» **TASK**
A word-for-word copy of the listing, free of images, is the expected answer.

*** DATA

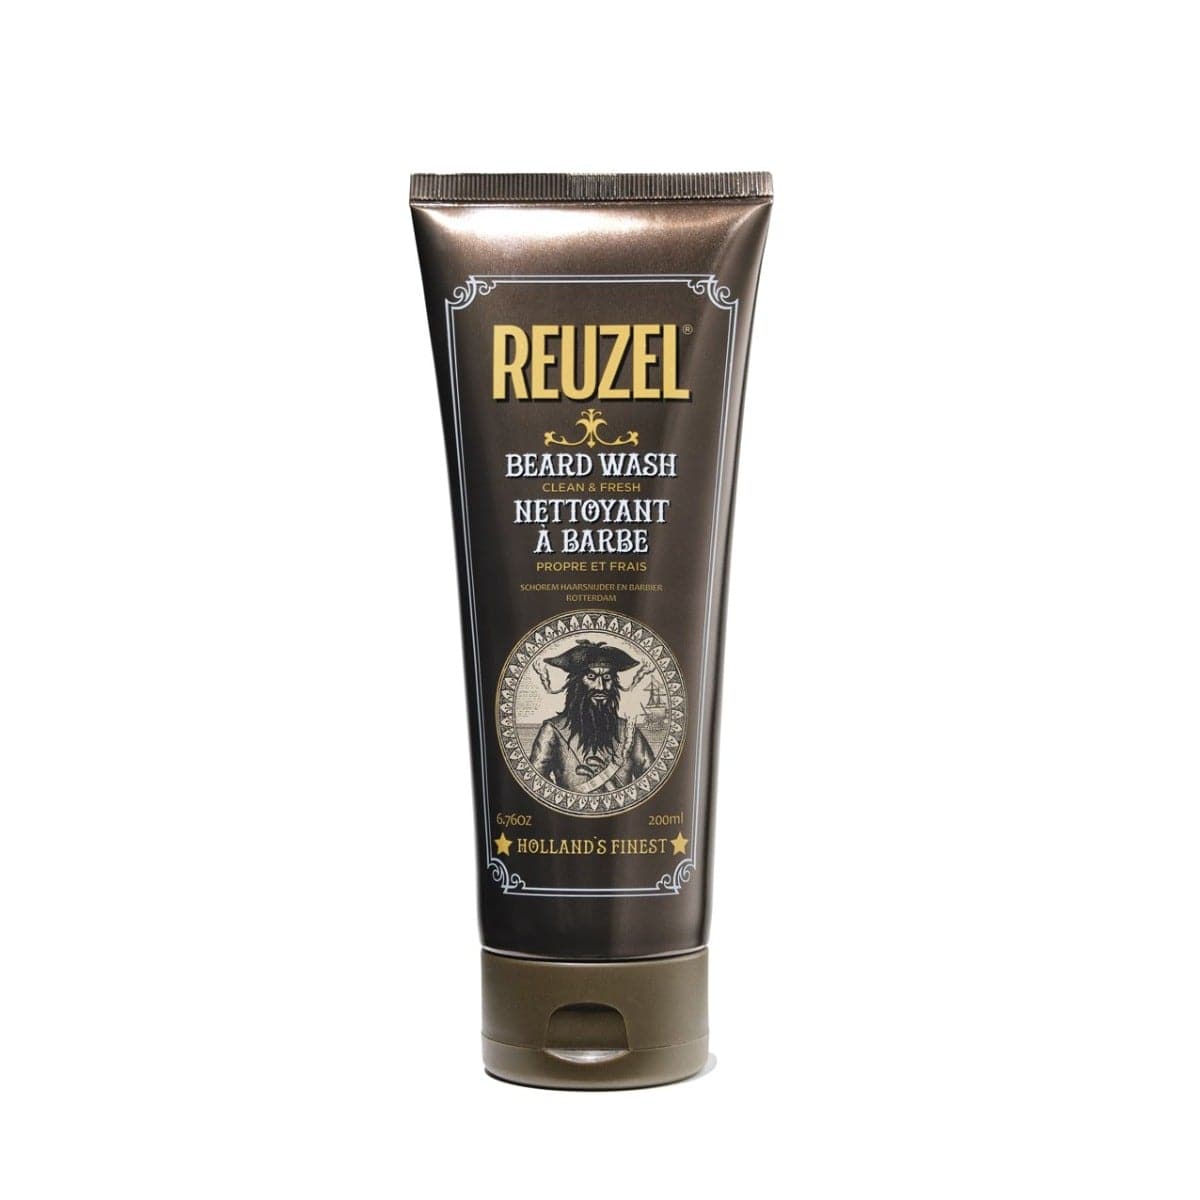 Reuzel Beard Wash 6.76 oz
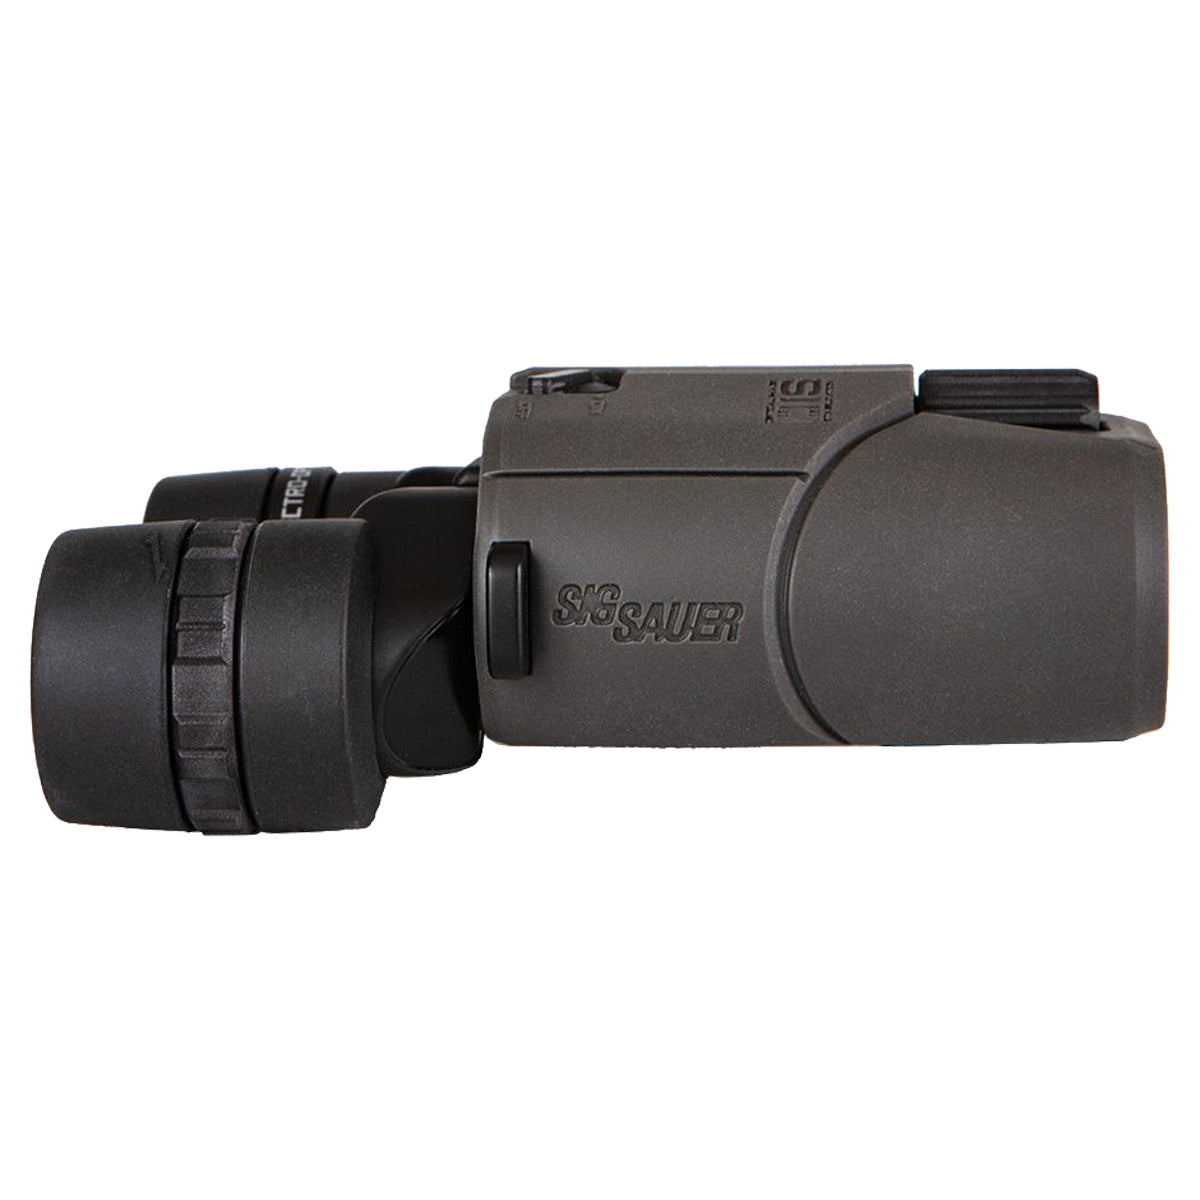 Sig Sauer ZULU6 16x42mm Image Stabilized Binocular in  by GOHUNT | Sig Sauer - GOHUNT Shop
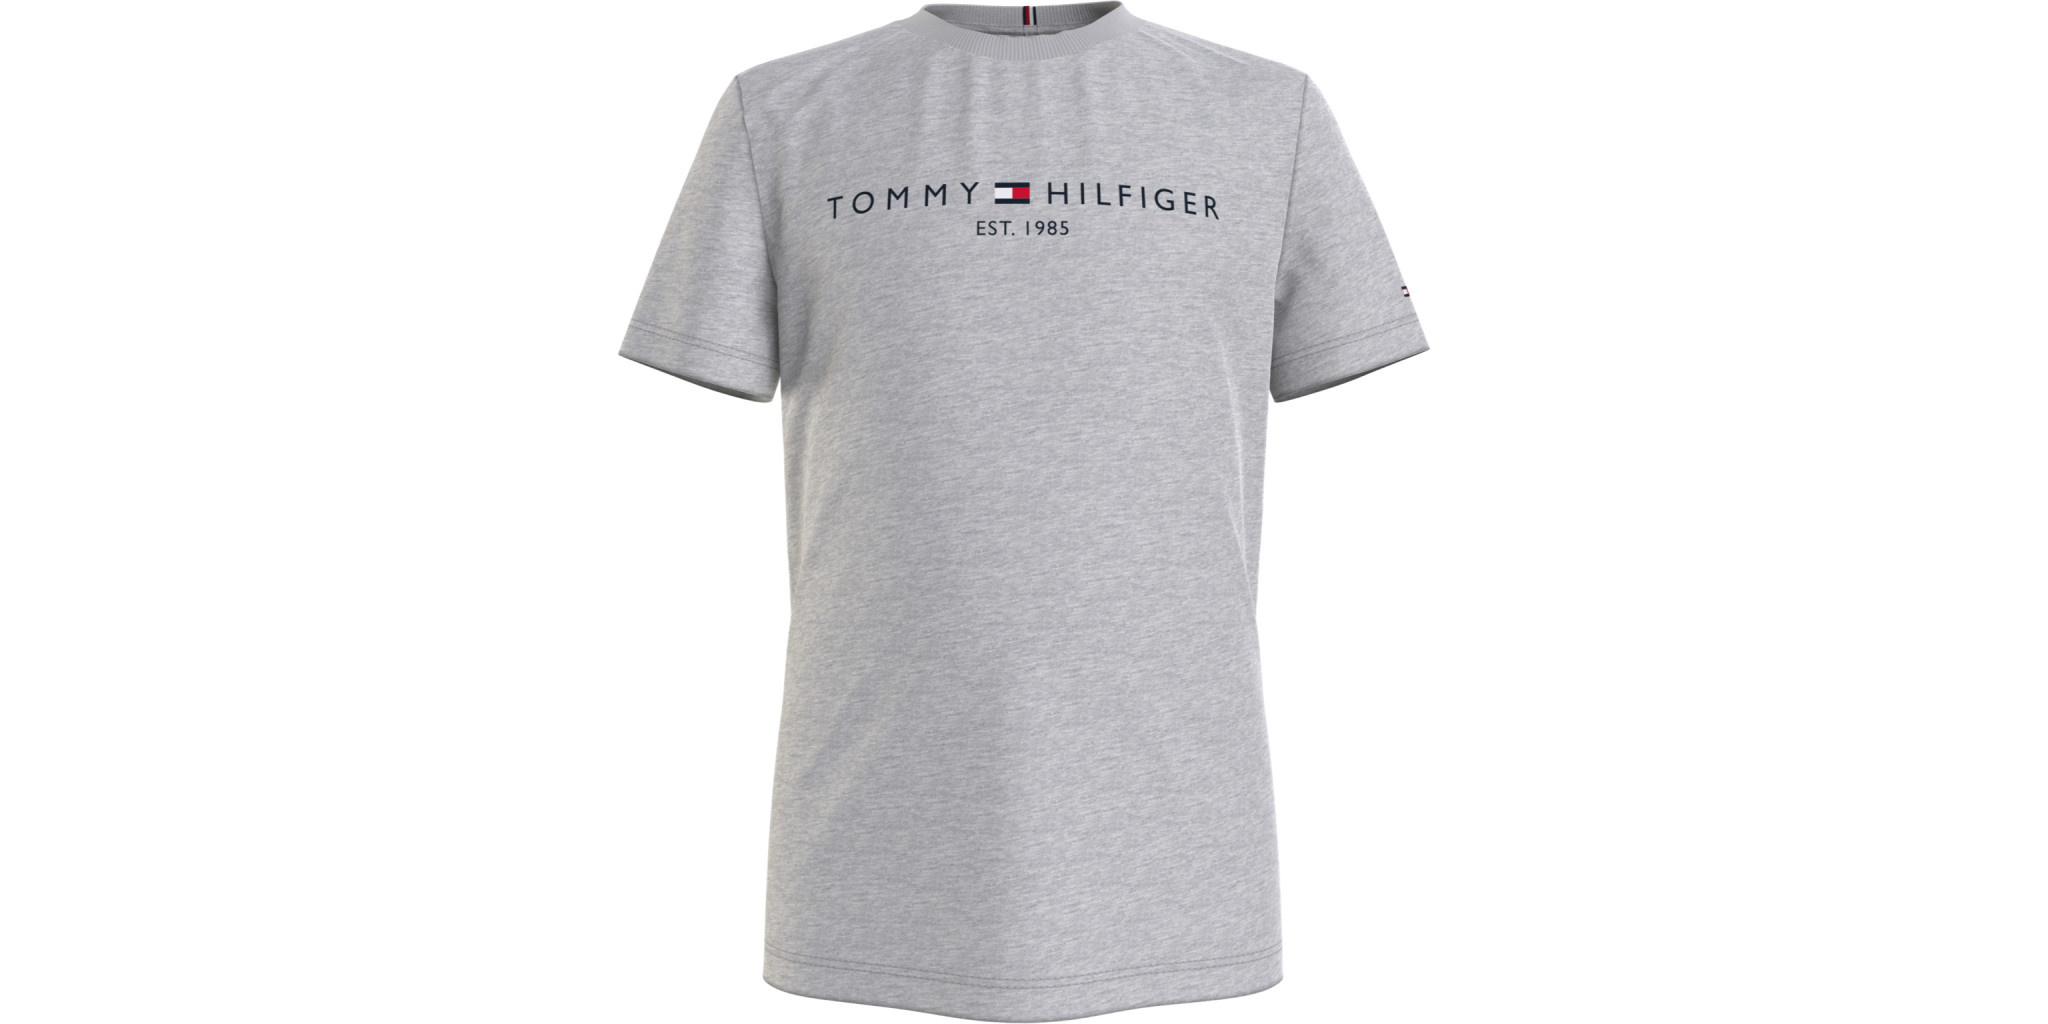 Tommy Hilfiger Tommy Hilfiger Shirt Light Grey Heather KB0KB05844 S21B

******

» **ANSWER FOR THE TASK**
 Reuzel Beard Wash 6.76 oz
 Sig Sauer ZULU6 16x42mm Image Stabilized Binocular in  by GOHUNT | Sig Sauer - GOHUNT Shop
 Tommy Hilfiger Tommy Hilfiger Shirt Light Grey Heather KB0KB05844 S21B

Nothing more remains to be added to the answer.